> WORK INSTRUCTIONS: Pictures stay out of the output. Return exactly the lines below from the one with "Pamela Erff Künstlerpuppe" down to the one with "Krzyż tau Pax", both included, and nothing more.

[SUPPLIED RECORDS — start]

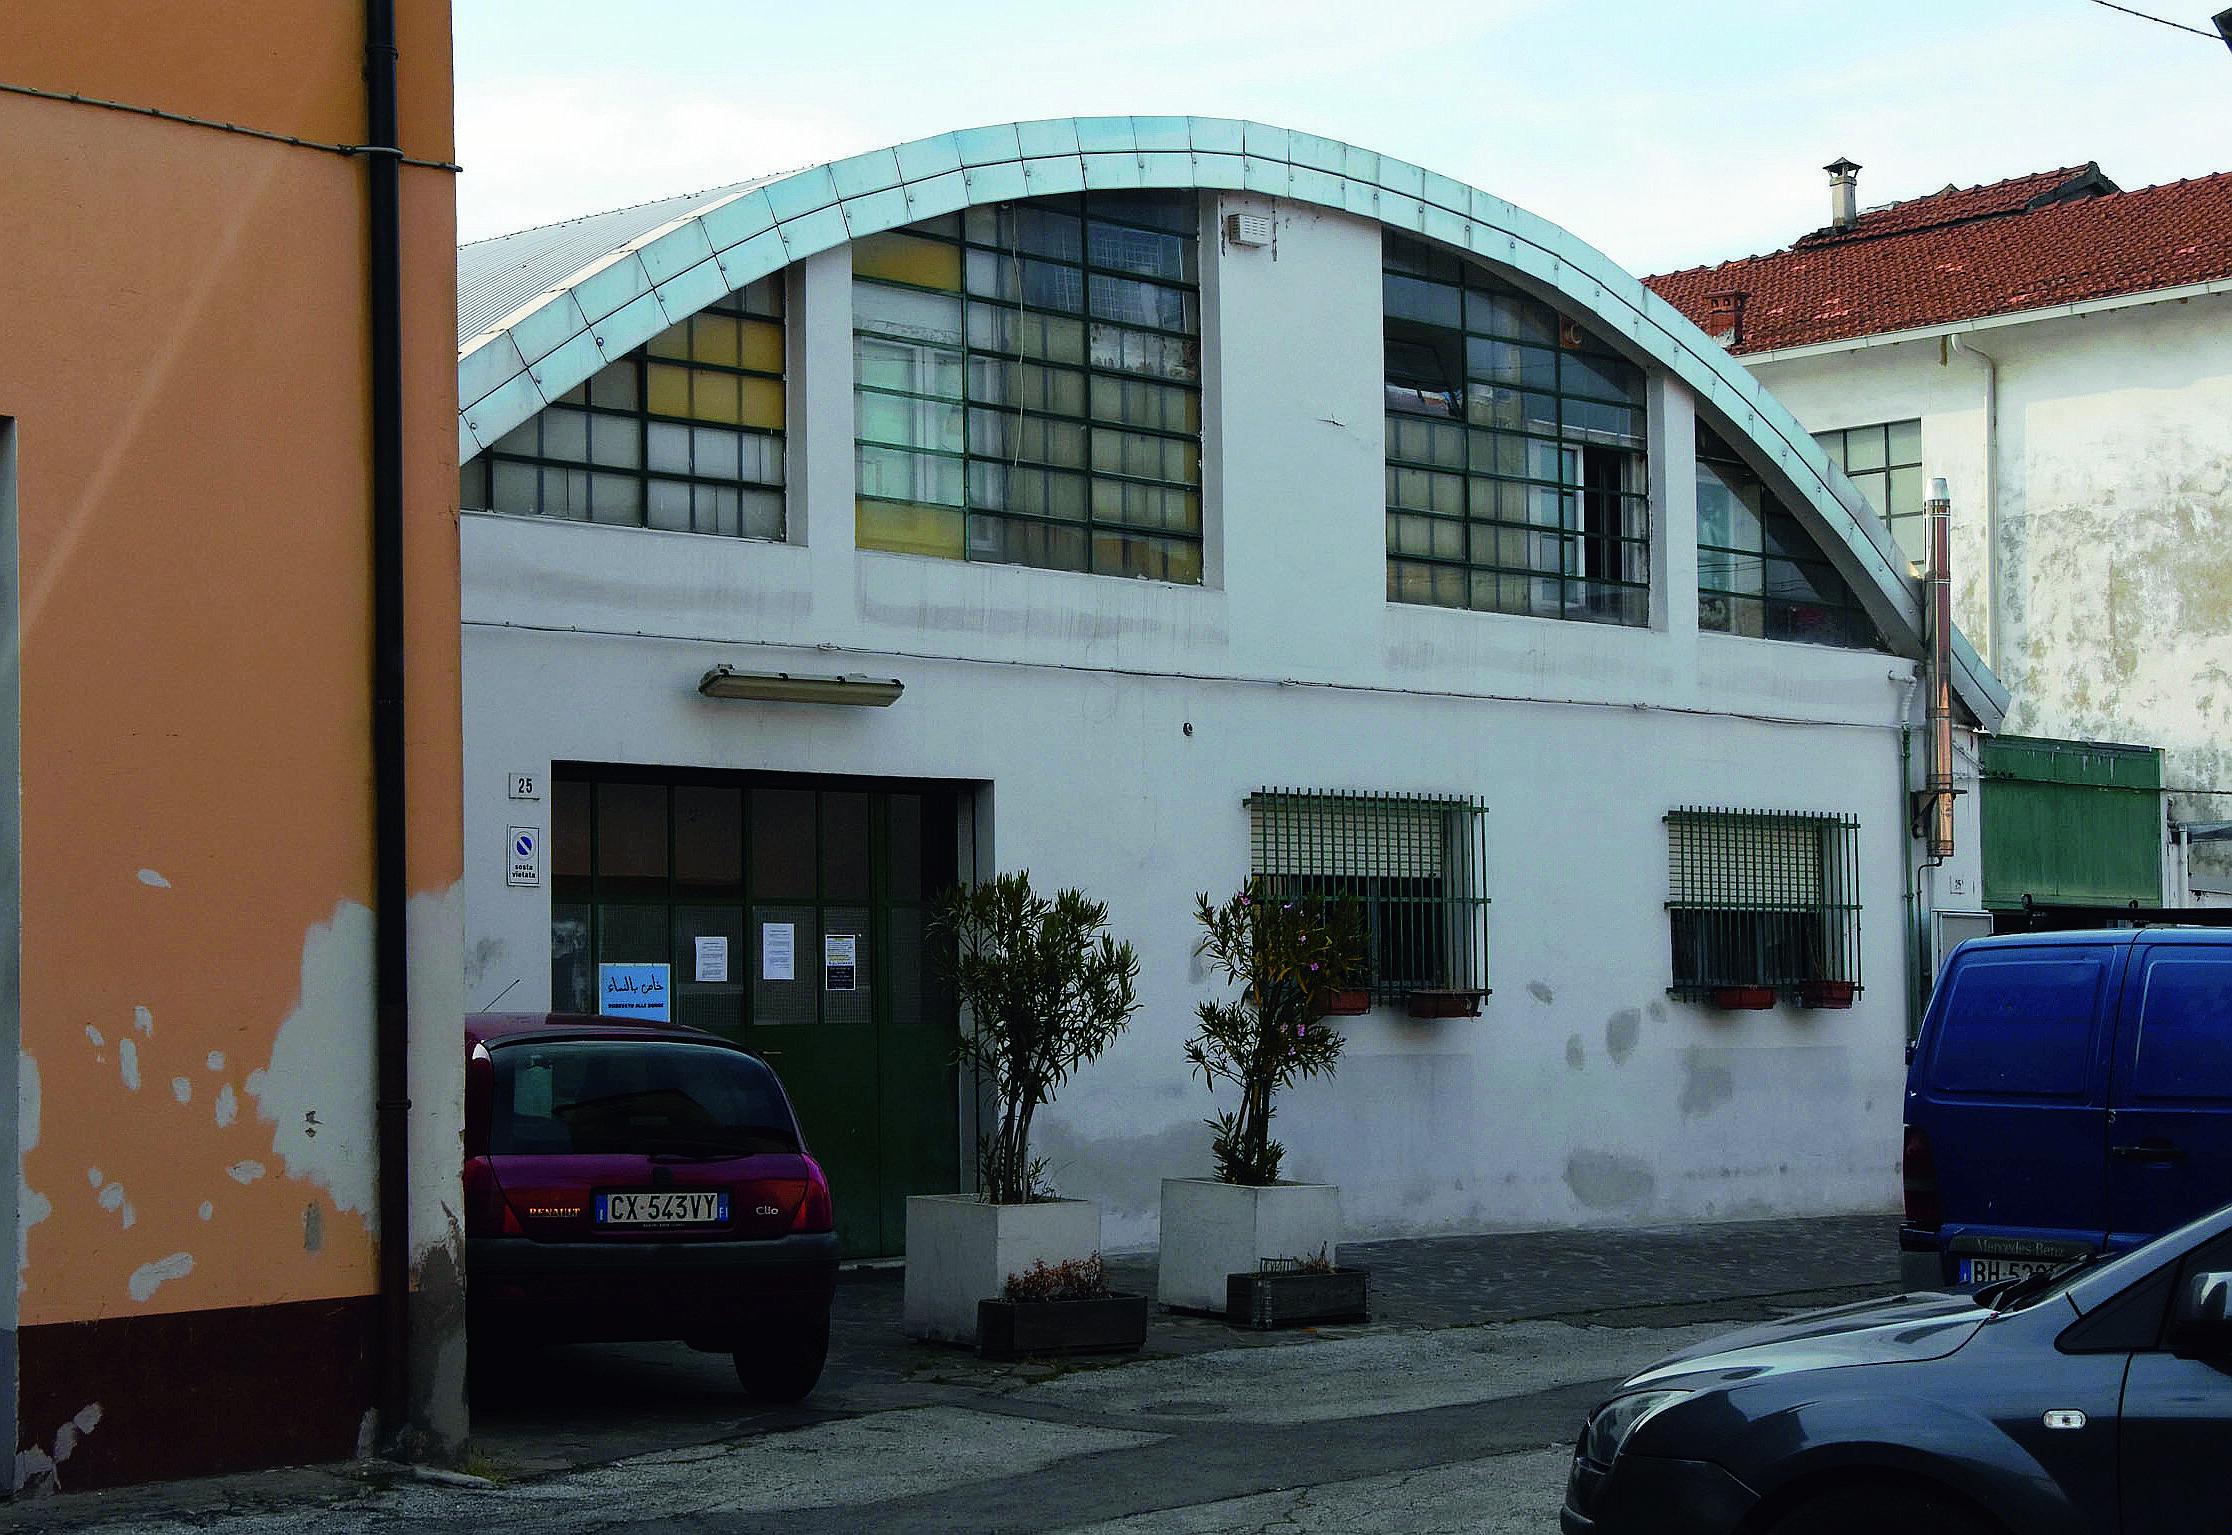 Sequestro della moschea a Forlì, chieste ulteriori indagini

[SUPPLIED RECORDS — finish]
[SUPPLIED RECORDS — start]

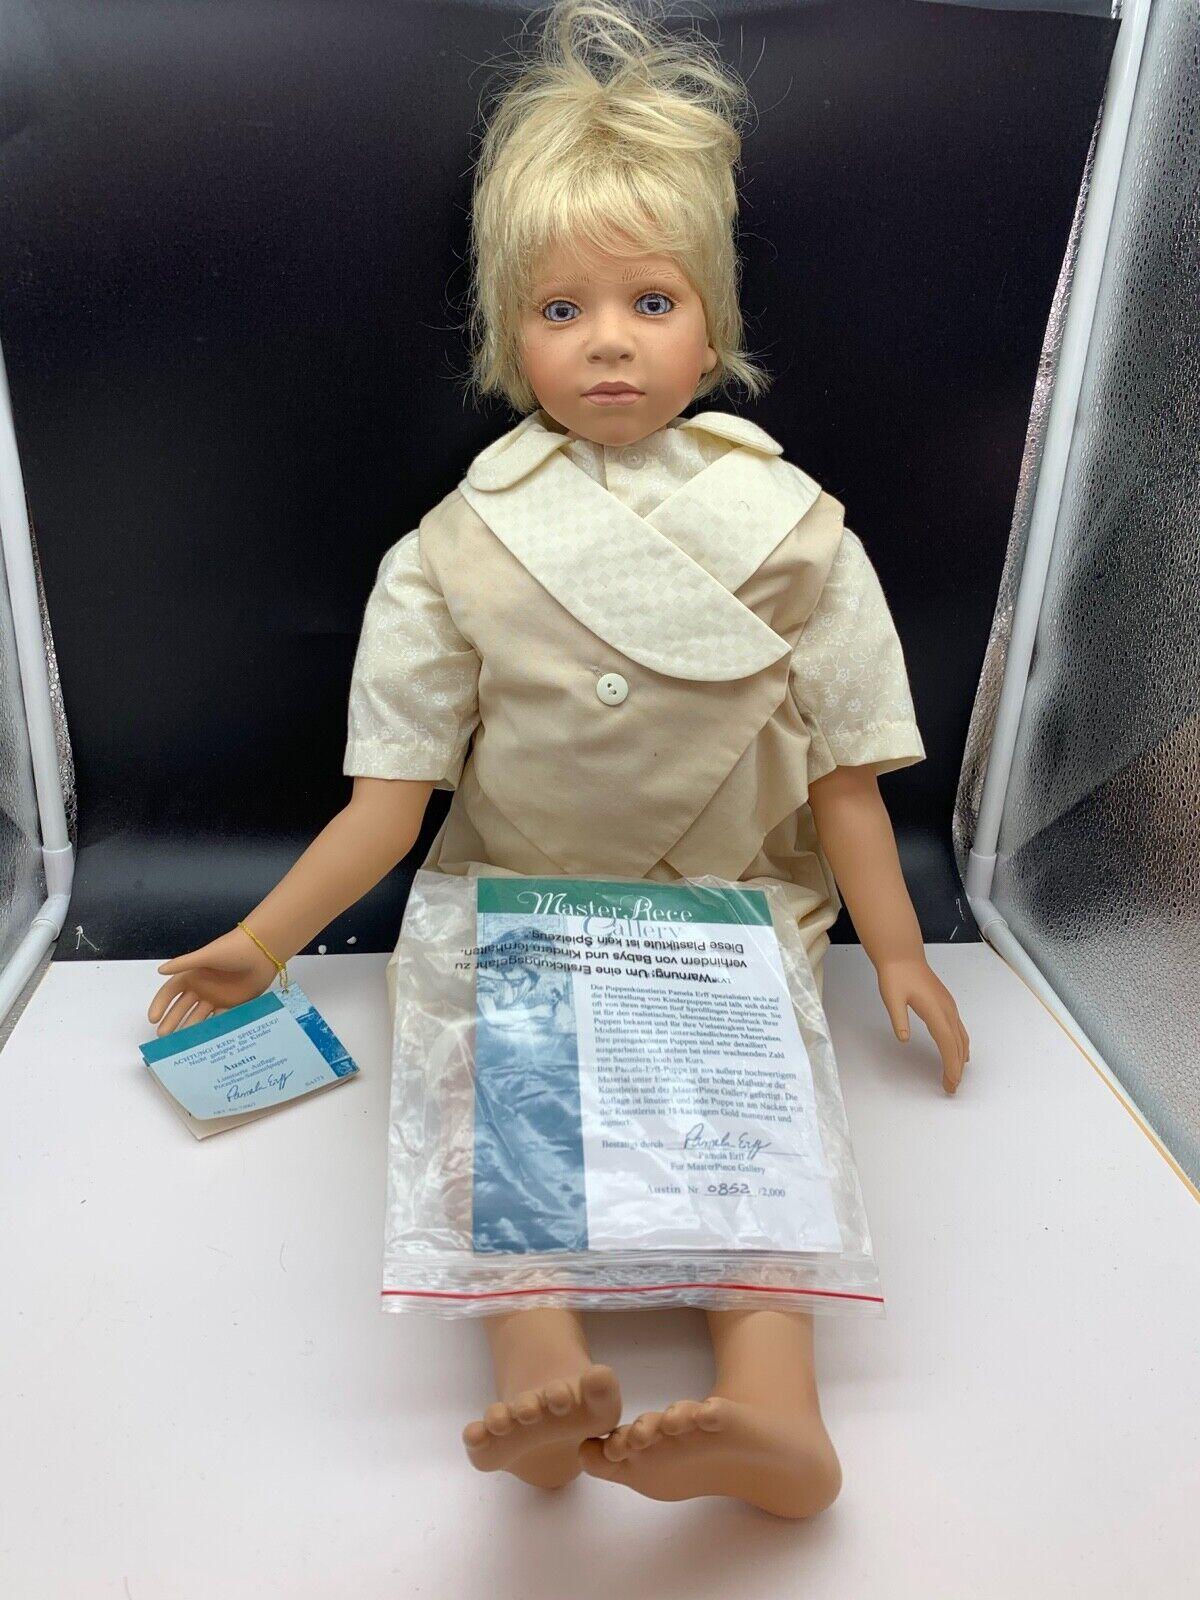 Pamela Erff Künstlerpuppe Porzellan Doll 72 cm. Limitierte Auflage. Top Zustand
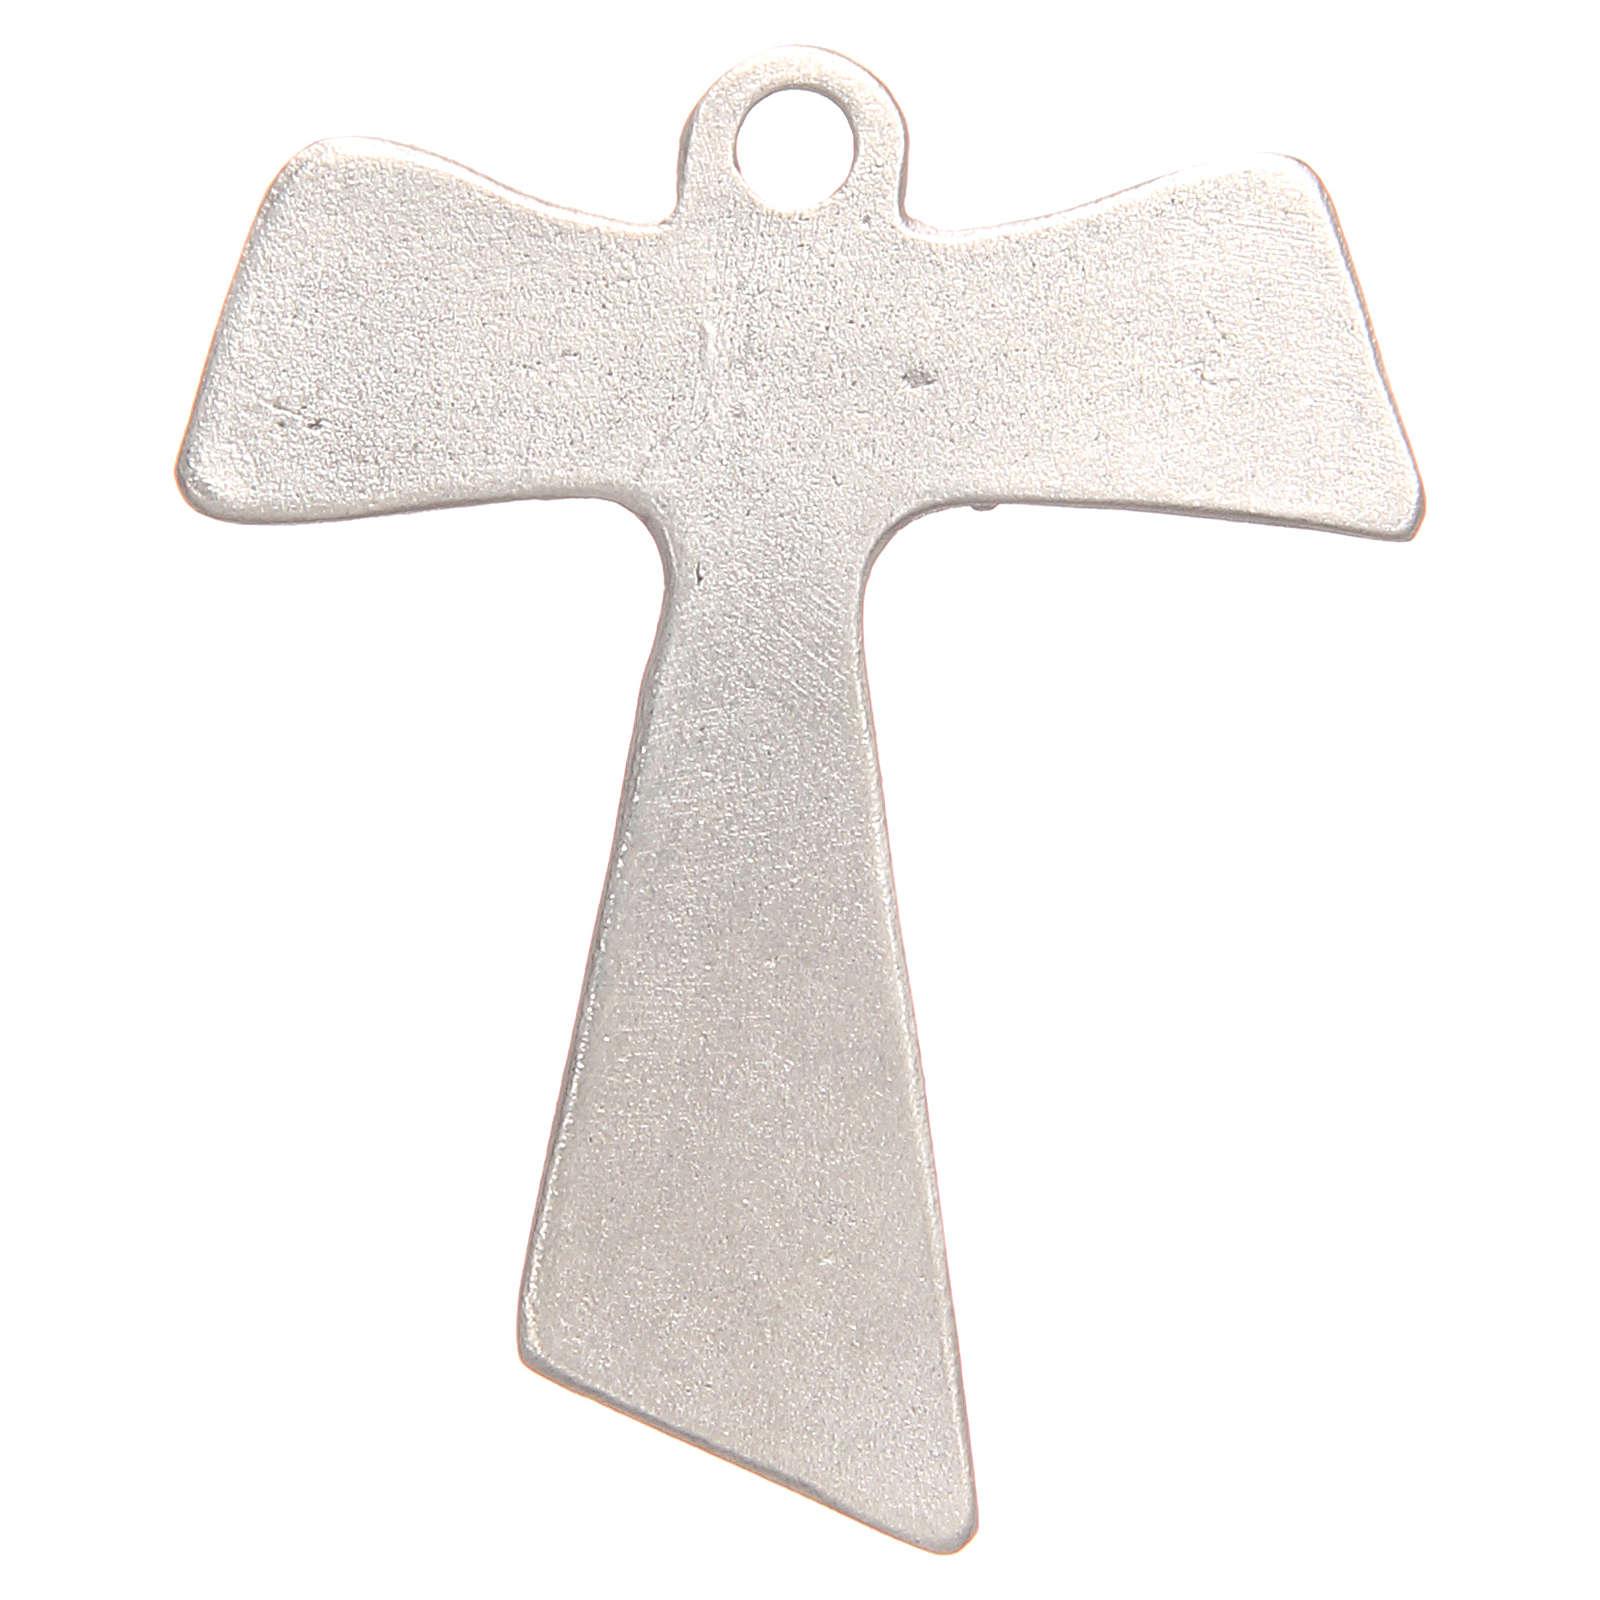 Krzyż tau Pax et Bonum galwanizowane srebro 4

[SUPPLIED RECORDS — finish]

> SOLUTION TO THIS TASK:
 Pamela Erff Künstlerpuppe Porzellan Doll 72 cm. Limitierte Auflage. Top Zustand
 Krzyż tau Pax et Bonum galwanizowane srebro 4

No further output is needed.